= Professional chemist (Canada) =

Professional chemist is the term for registered or licensed chemists in Canada who are permitted to offer their professional services directly to the public. The professional chemist designation is commonly abbreviated to PChem when added as a suffix after a person's name.

The term professional chemist and the actual practice of professional chemistry is legally defined and protected by the government. In some jurisdictions only registered or licensed professional chemists or chartered chemists are permitted to use the title, or to practice professional chemistry.

The earmark that distinguishes a licensed/registered professional chemist is the authority to sign and seal or "stamp" chemistry documents (reports, drawings and calculations) for a study, estimate, design or analysis, thus taking legal responsibility for it.

==Registration and regulation==
Each province has specific procedures and requirements for license or registration. On March 20, 2017, the Federation of Canada’s Professional Chemists (FCPC) announced that provincial chemists’ organizations have adopted a Memorandum of Understanding to facilitate mobility of professional chemists between provinces which enabled Professional Chemists who are members of organizations established in each province to move and work in other provinces. The licensing procedure varies, but the general process is:

- Graduate with a degree from an accredited university program in chemistry
- Accumulate a certain amount of experience as a Chemist in Training; this can range from two to five years depending on the province
- Complete and pass the essential courses required by the professional organizations

==The chemist title==
The title chemist is legally protected in some provinces, meaning that is it unlawful to use it to offer chemistry services to the public unless permission is specifically granted by that province through a professional chemist license.

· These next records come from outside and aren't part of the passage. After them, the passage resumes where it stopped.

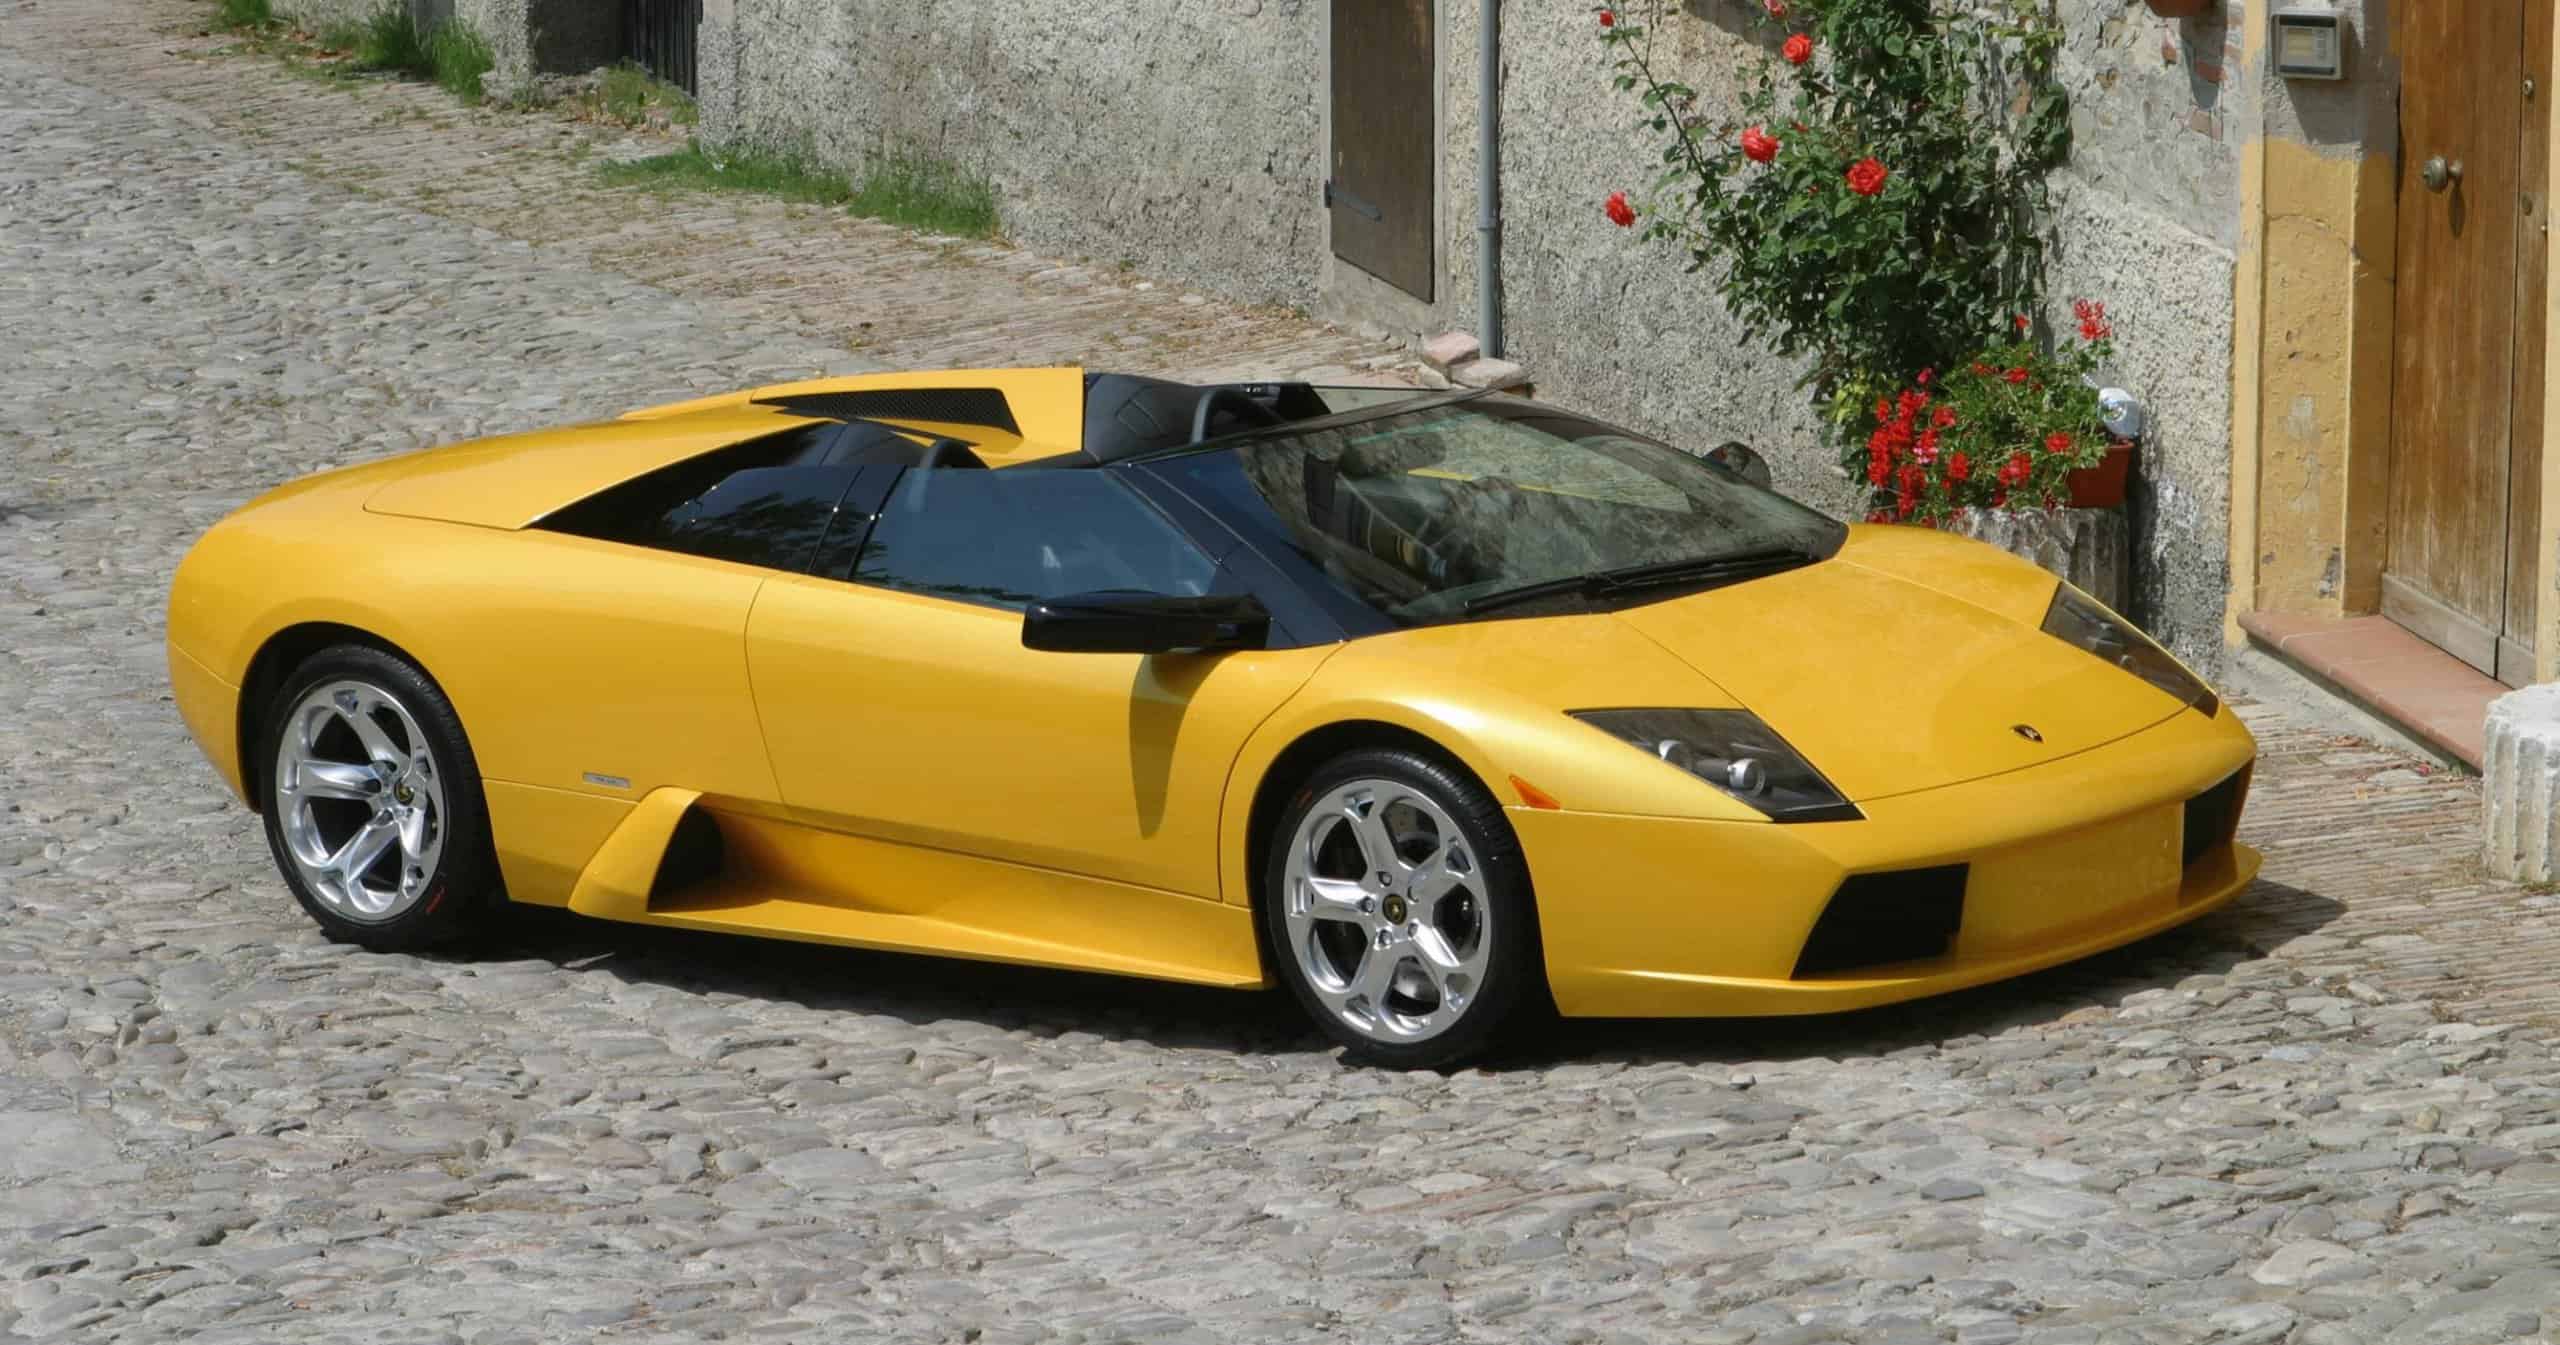 Lamborghini V12 engine
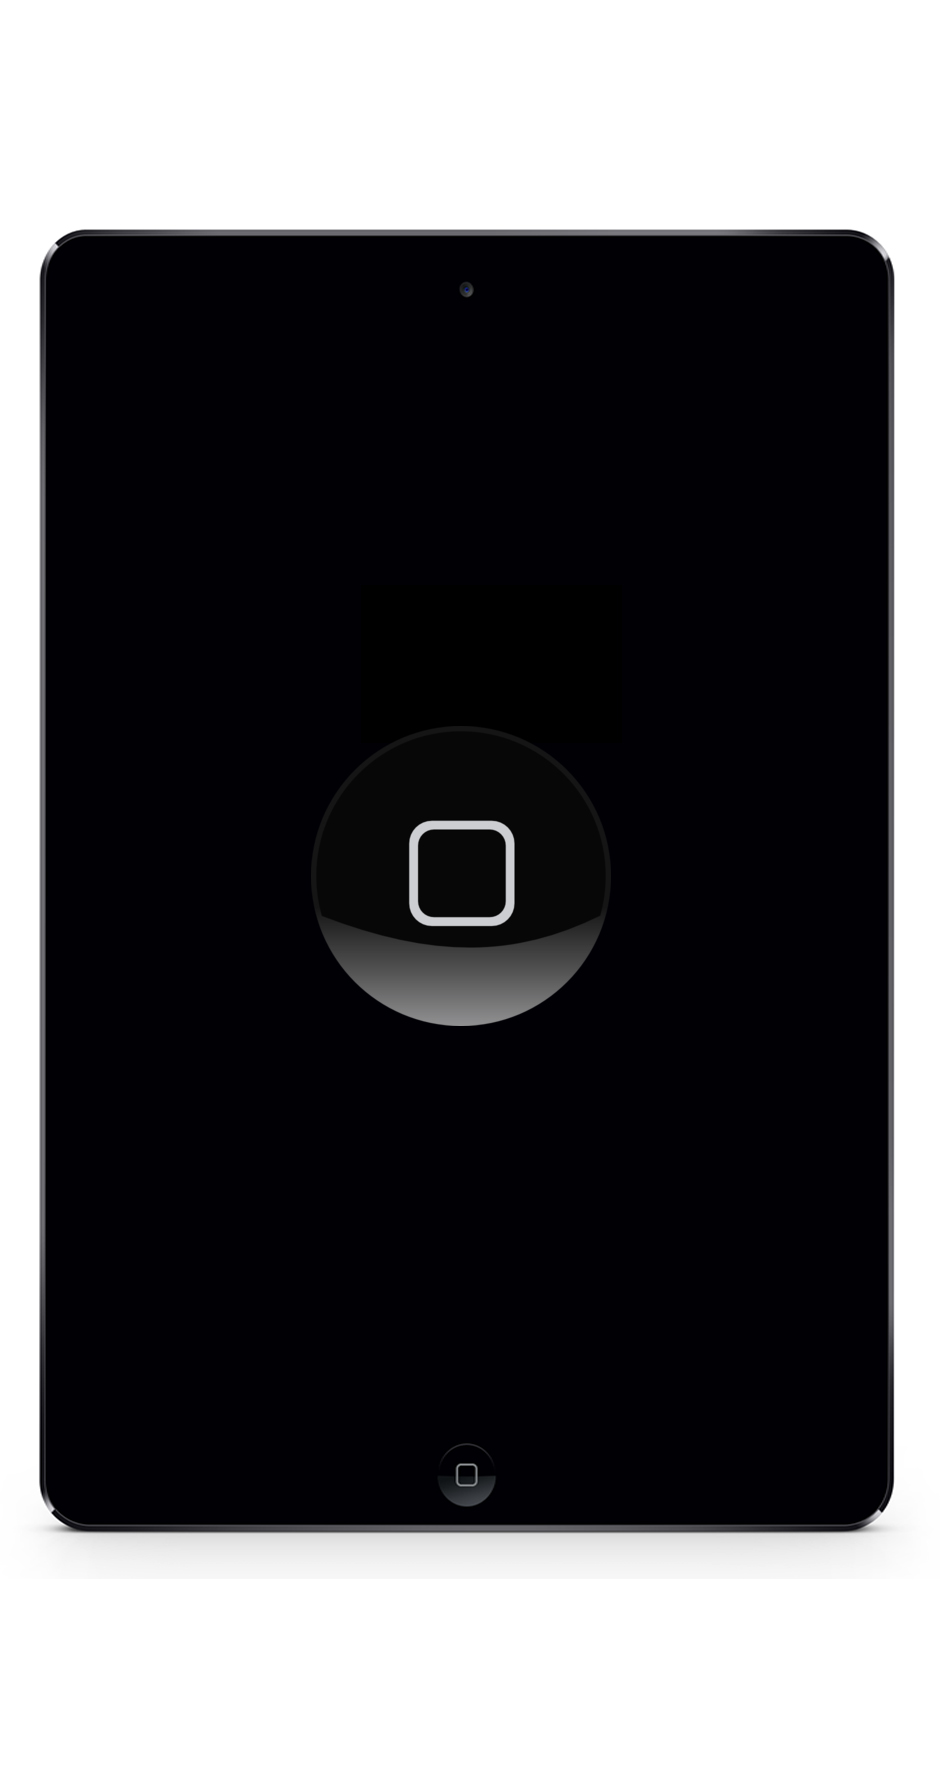 iPad Mini 3 Reparatur Berlin Home-button
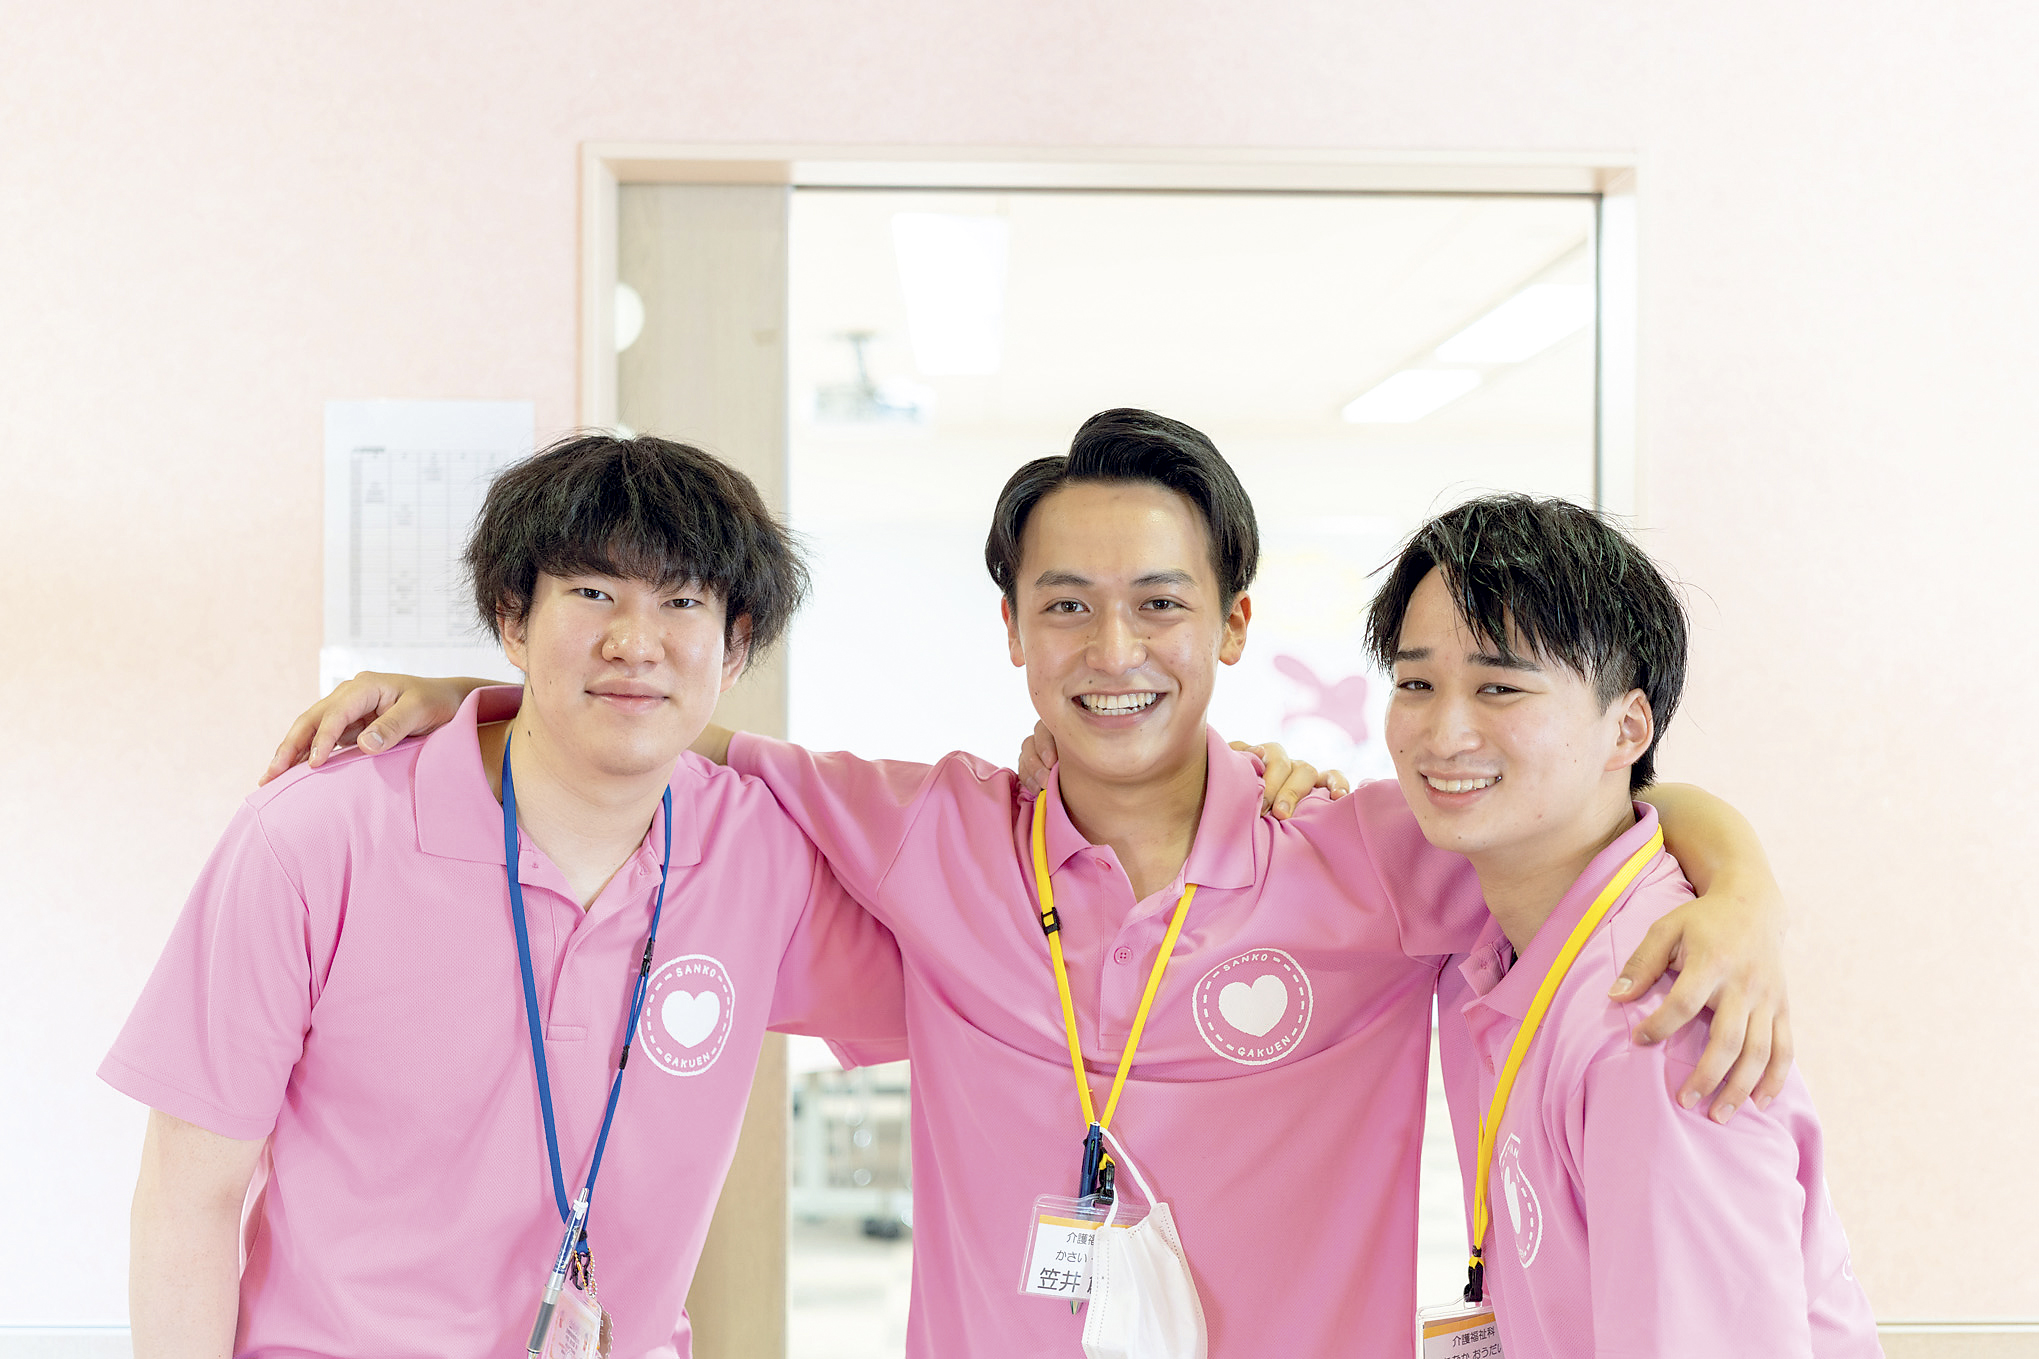 仙台医療秘書福祉＆IT専門学校 8月のオープンキャンパス・イベント情報
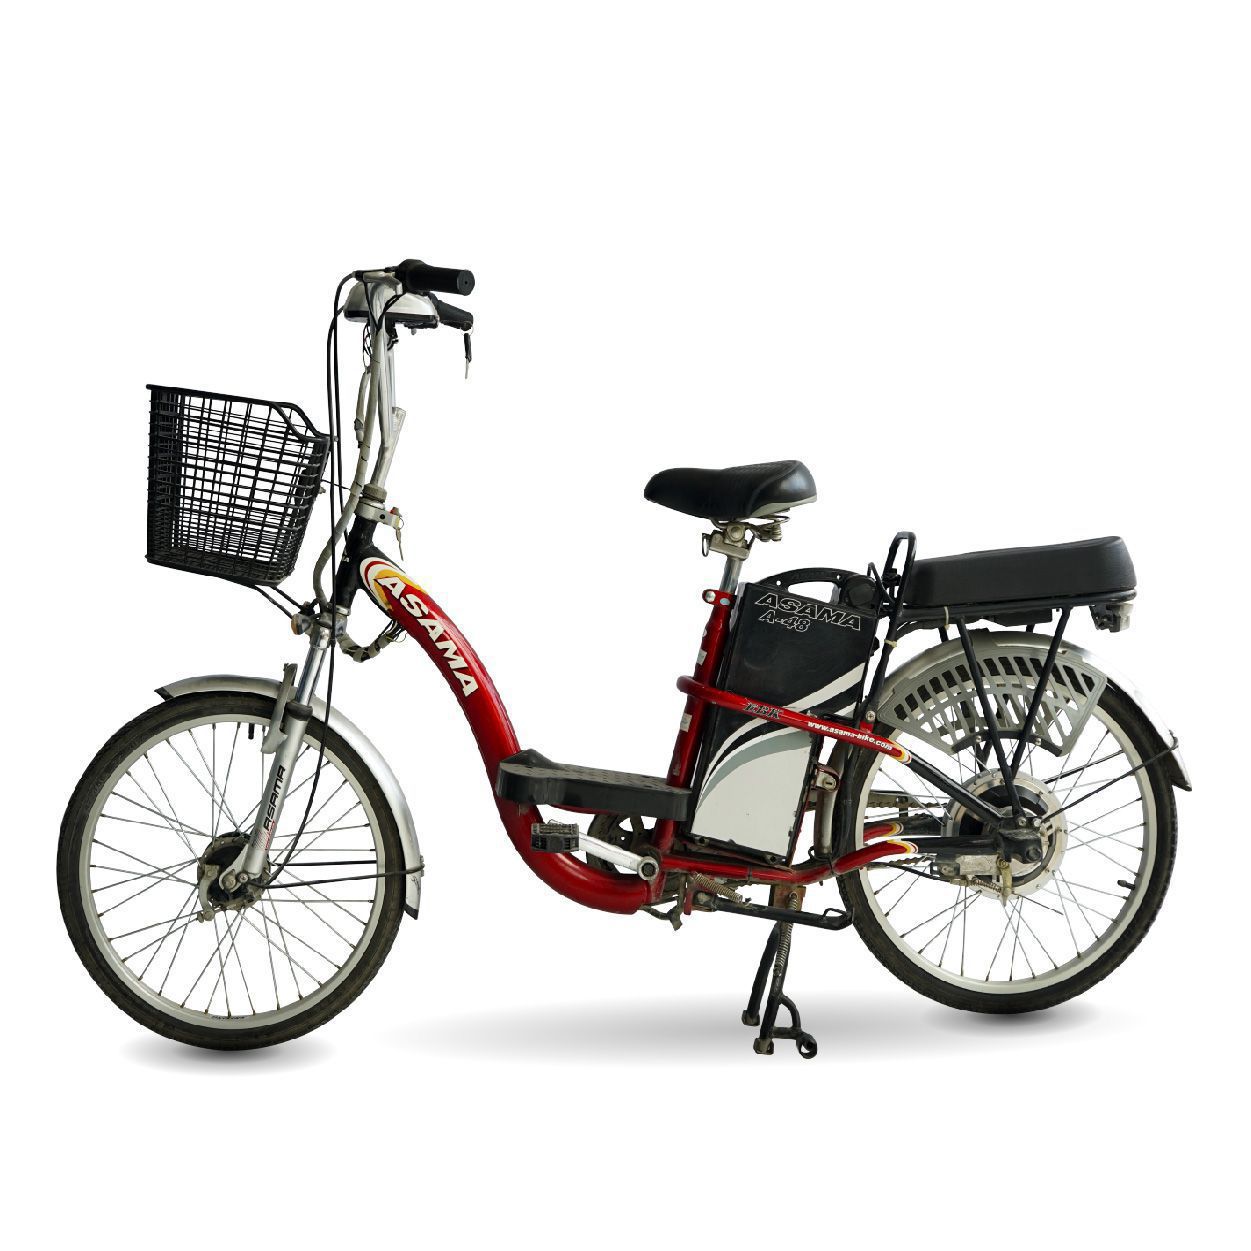 Xe dap dien Asama A 48 do 02 - Tổng hợp những mẫu xe đạp điện giá rẻ nhất 2020

With legal documentation, this is commonly referred to as the Right to Title. A licensed professional has the option of wearing a Chemists' Ring.

==Unlicensed practice==
Since the regulation of the practice of chemistry is performed by the individual provinces in Canada, areas of chemistry which are an exception to mandatory regulatory requirements are:

- A professor teaching chemistry in an accredited program
- Military personnel currently actively licensed with the Canadian government

Chemists are not registered in a specific discipline but are prohibited by the code of ethics from practicing beyond their training and experience. Breaches of the code are often sufficient grounds for enforcement, which may include the suspension or loss of license, as well as financial penalties and now, through recent changes to Canadian law, could also result in jail time should negligence be shown to have played a part in any incident in which there is loss of human life.

Some examples of a professional chemist would be an oilfield chemist, drilling fluids chemist, environmental chemist, biochemist, or pharmacist.